What you have to do: Write out the lines below once more, exactly as they appear. Do not include pictures.

+++ Dataset extract +++

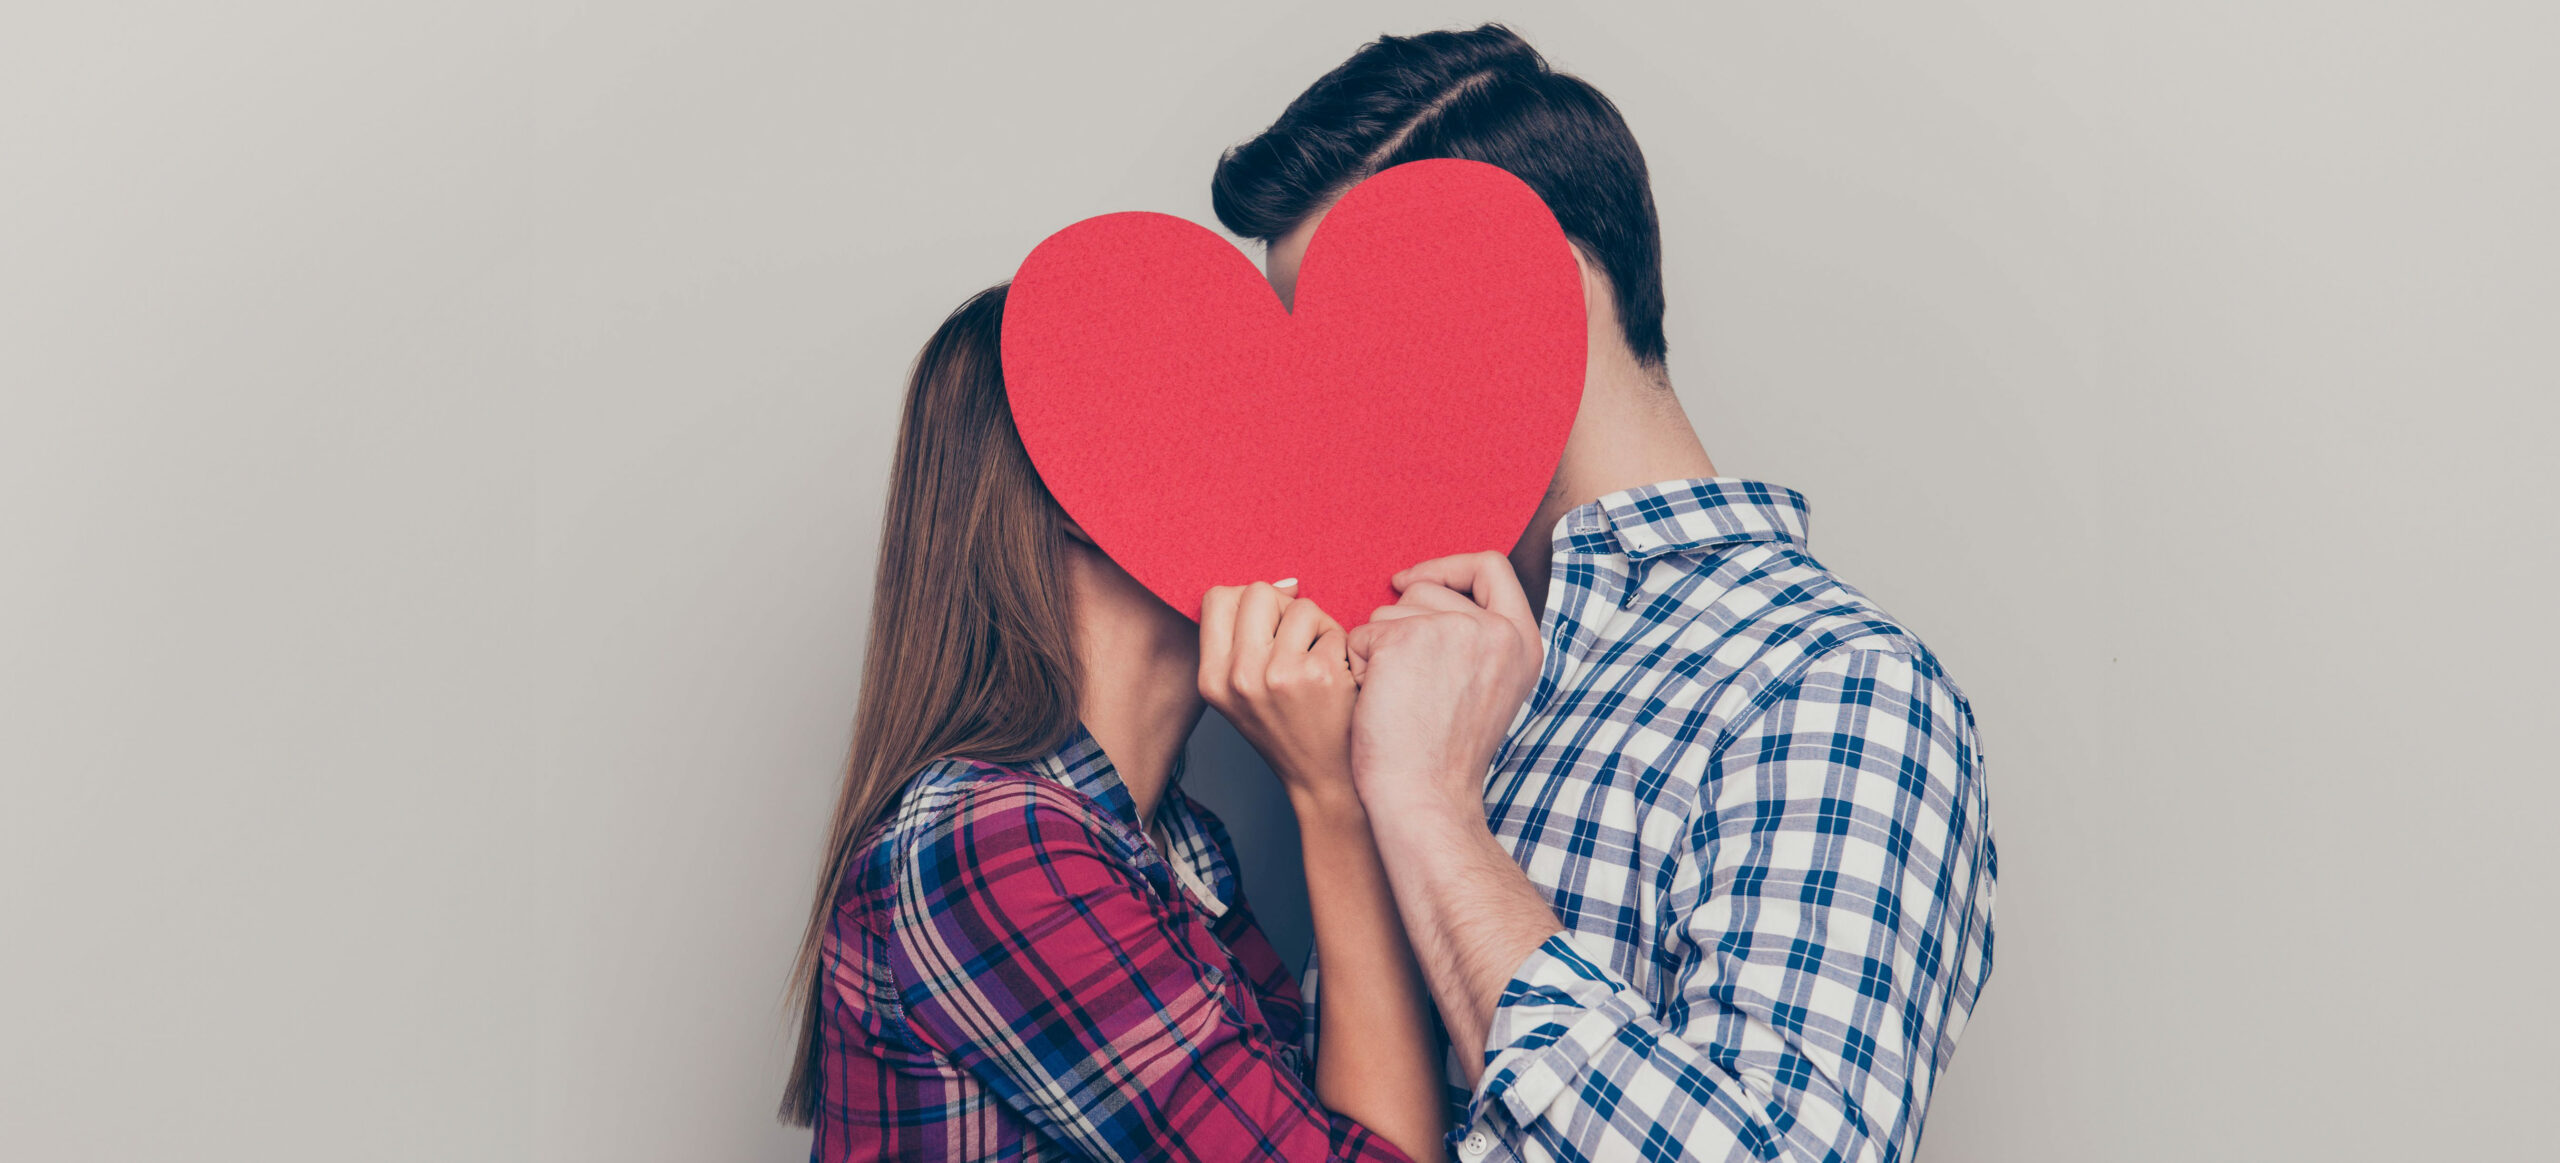 Ein Paar mit karierten Hemden küsst sich hinter einem roten Herz aus Papier und grauem Hintergrund.
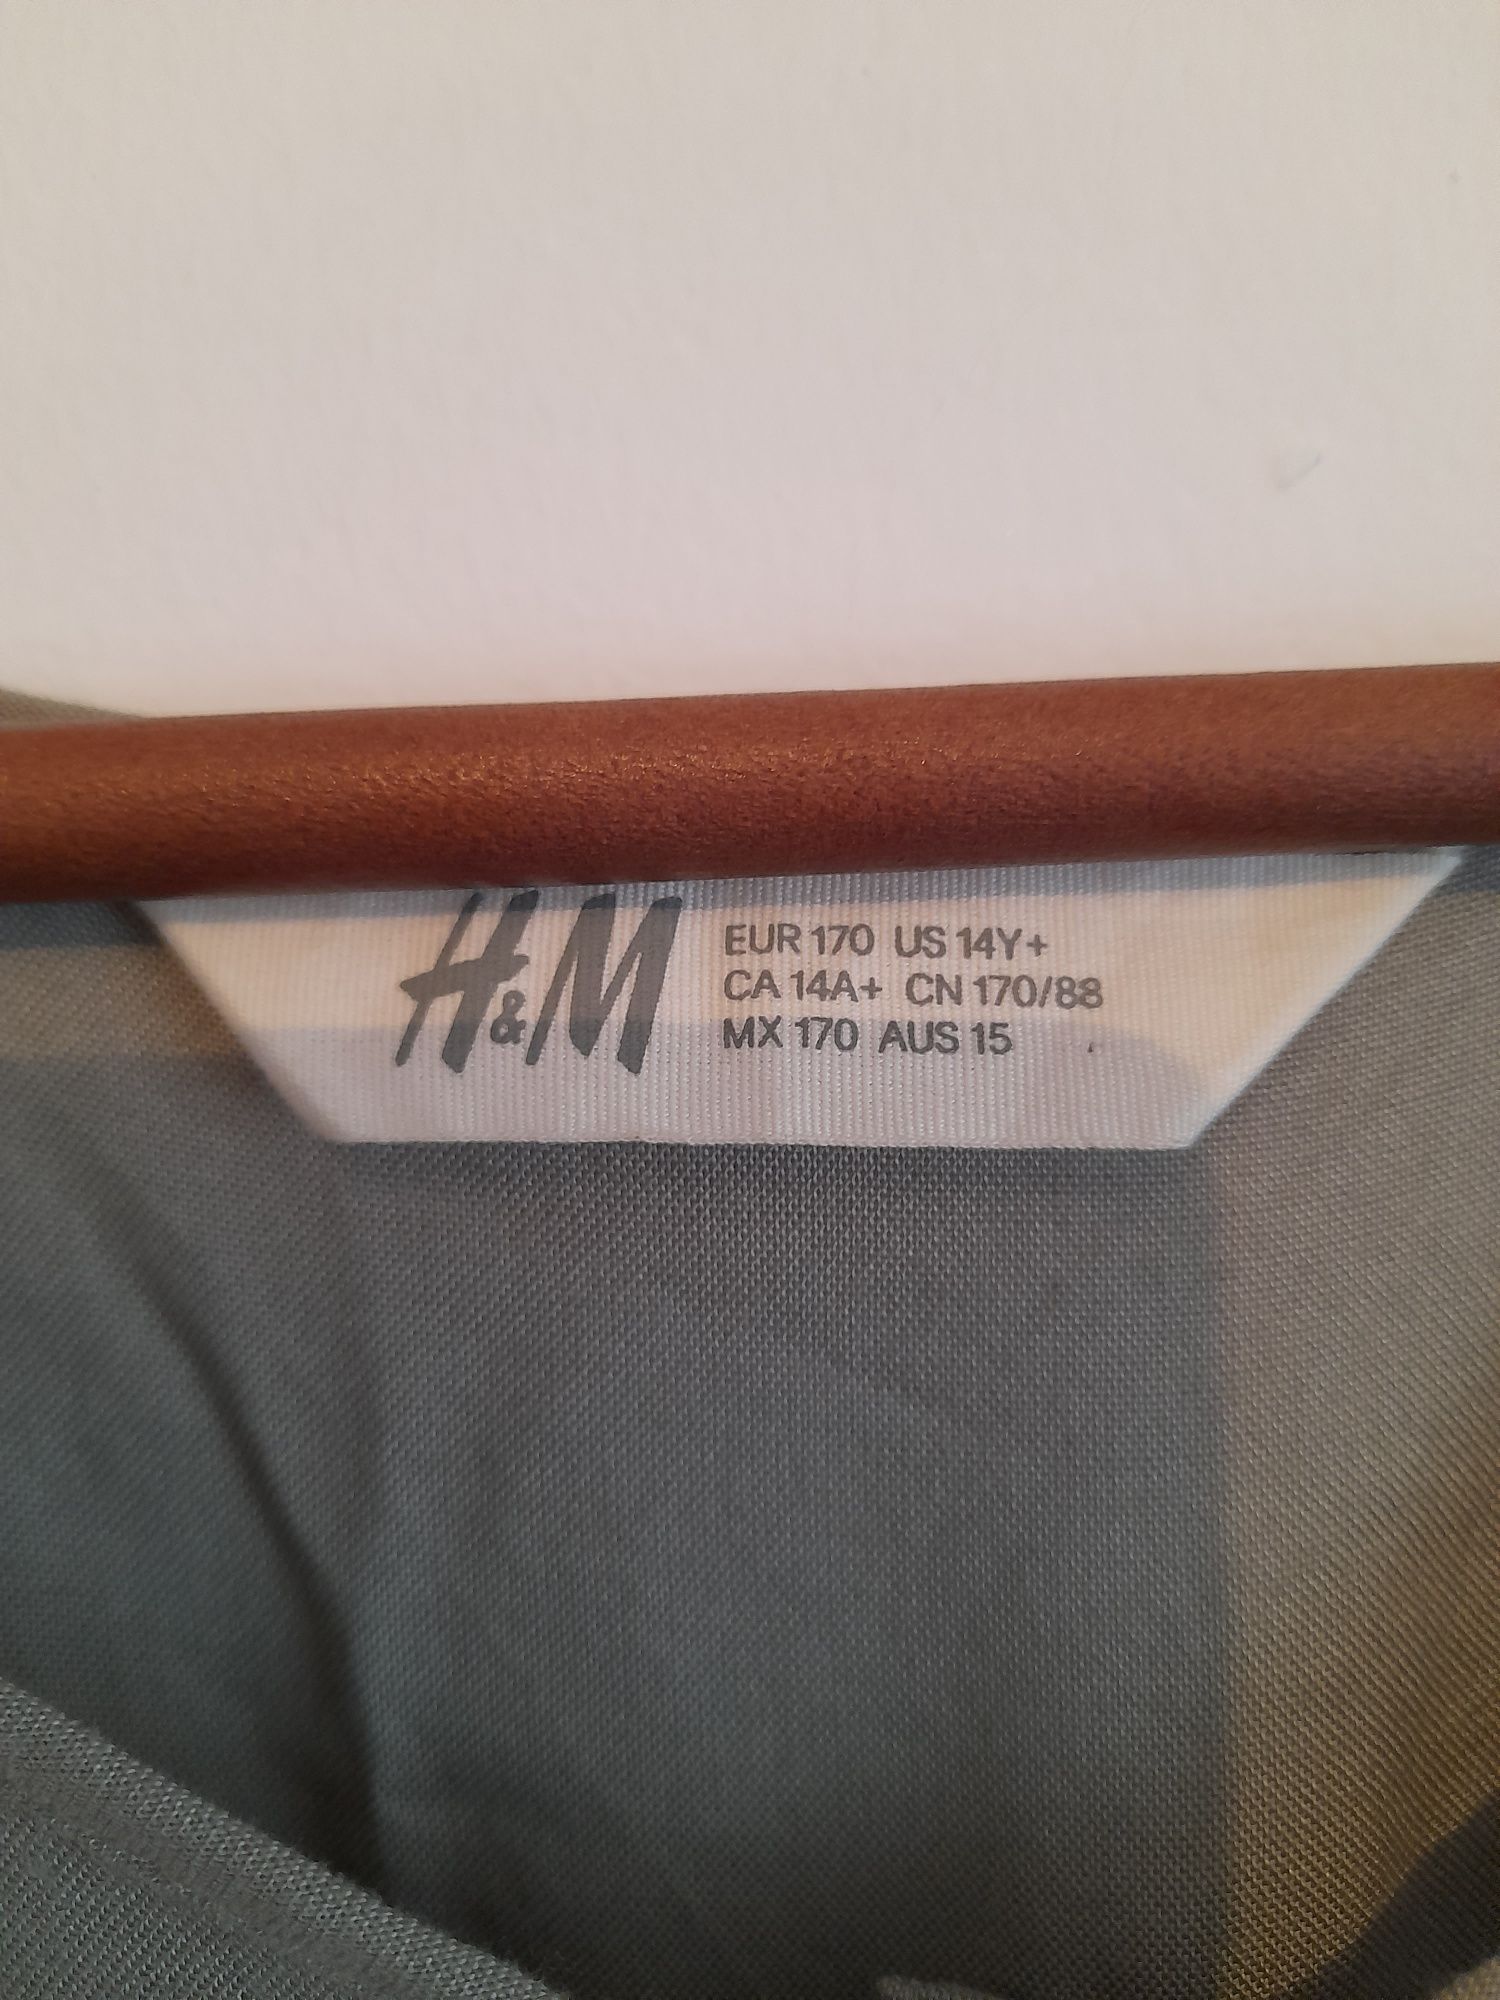 Macacão H&M Tamanho 1.70cm
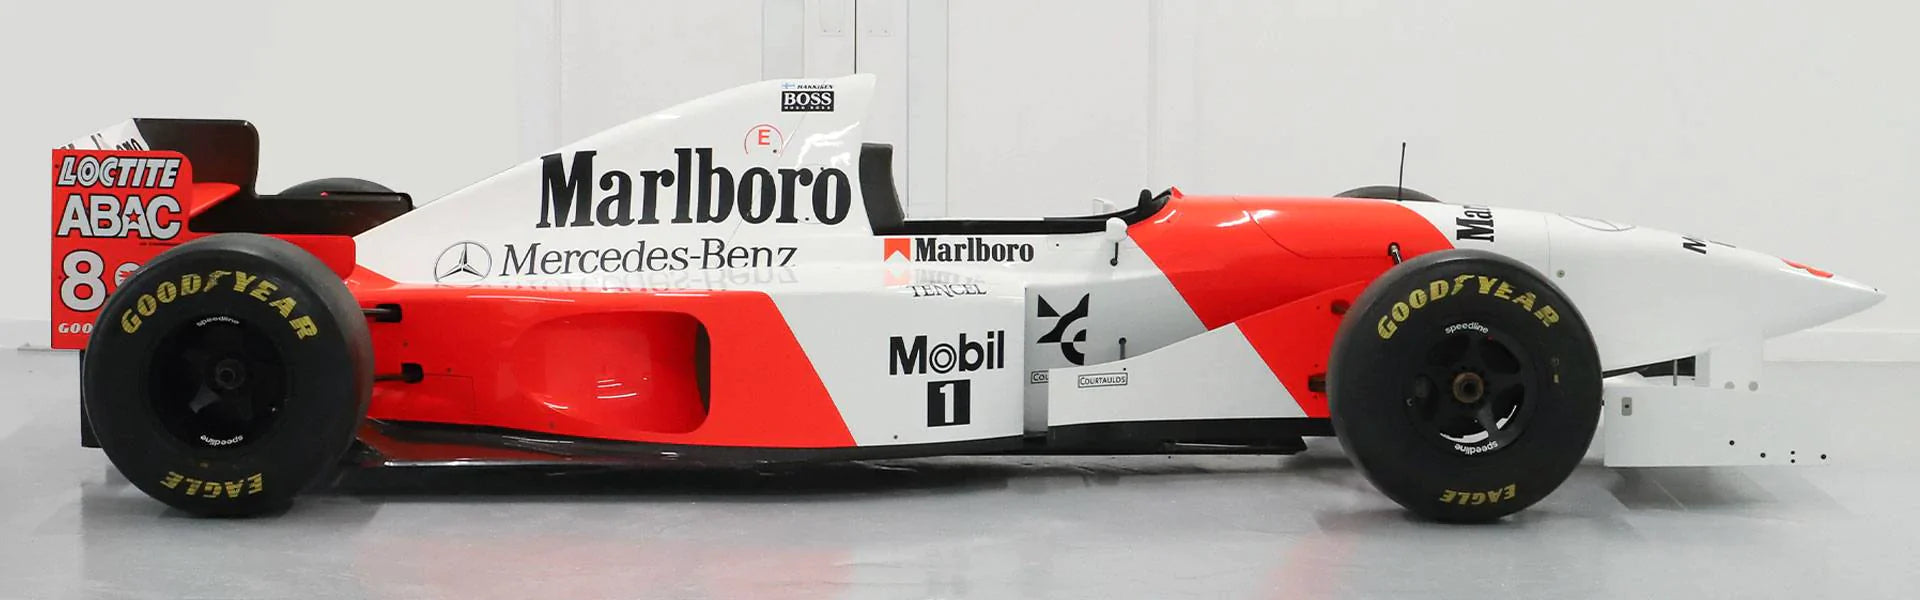 1995 McLaren MP4-10 Official Show Car - Mika Hakkinen Livery
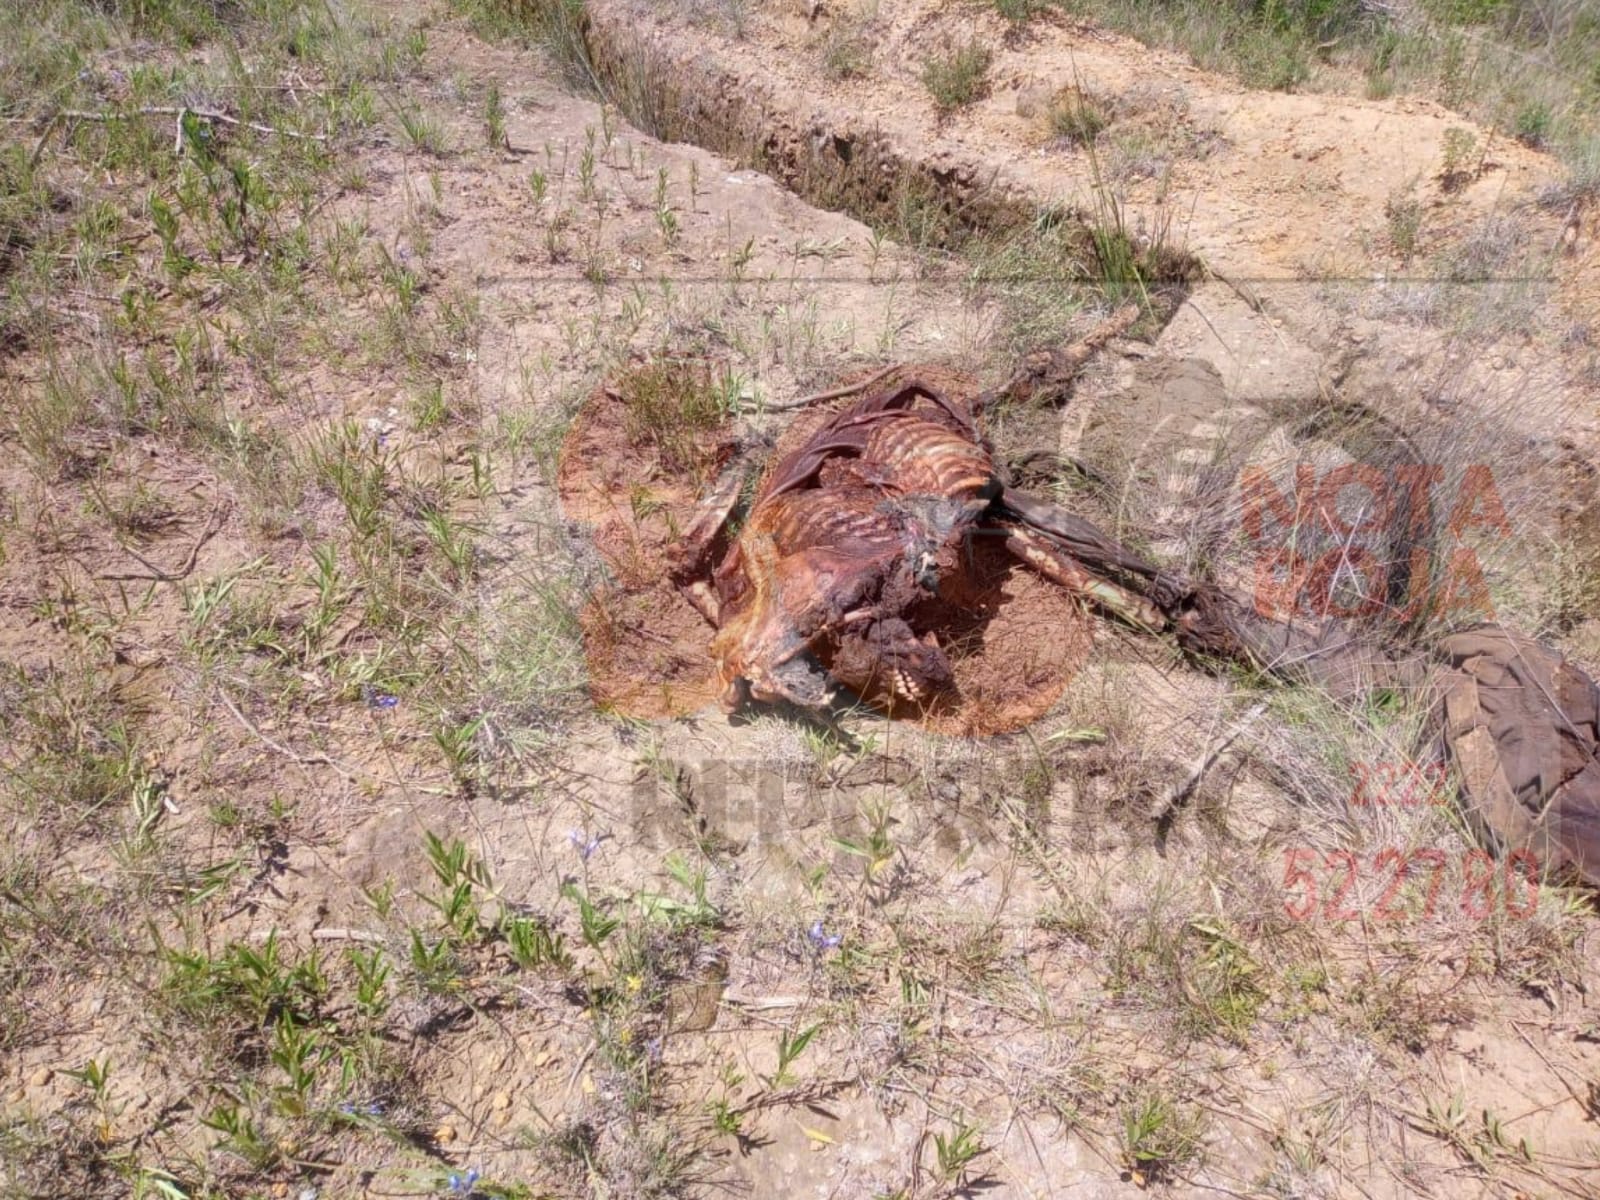 Hallan restos humanos presuntamente quemados en ácido en Atzitzintla

+++

Answer to this task:
 Ein Paar mit karierten Hemden küsst sich hinter einem roten Herz aus Papier und grauem Hintergrund.
 Macacão H&M Tamanho 1.70cm
 1995 McLaren MP4-10 Official Show Car - Mika Hakkinen Livery
 Hallan restos humanos presuntamente quemados en ácido en Atzitzintla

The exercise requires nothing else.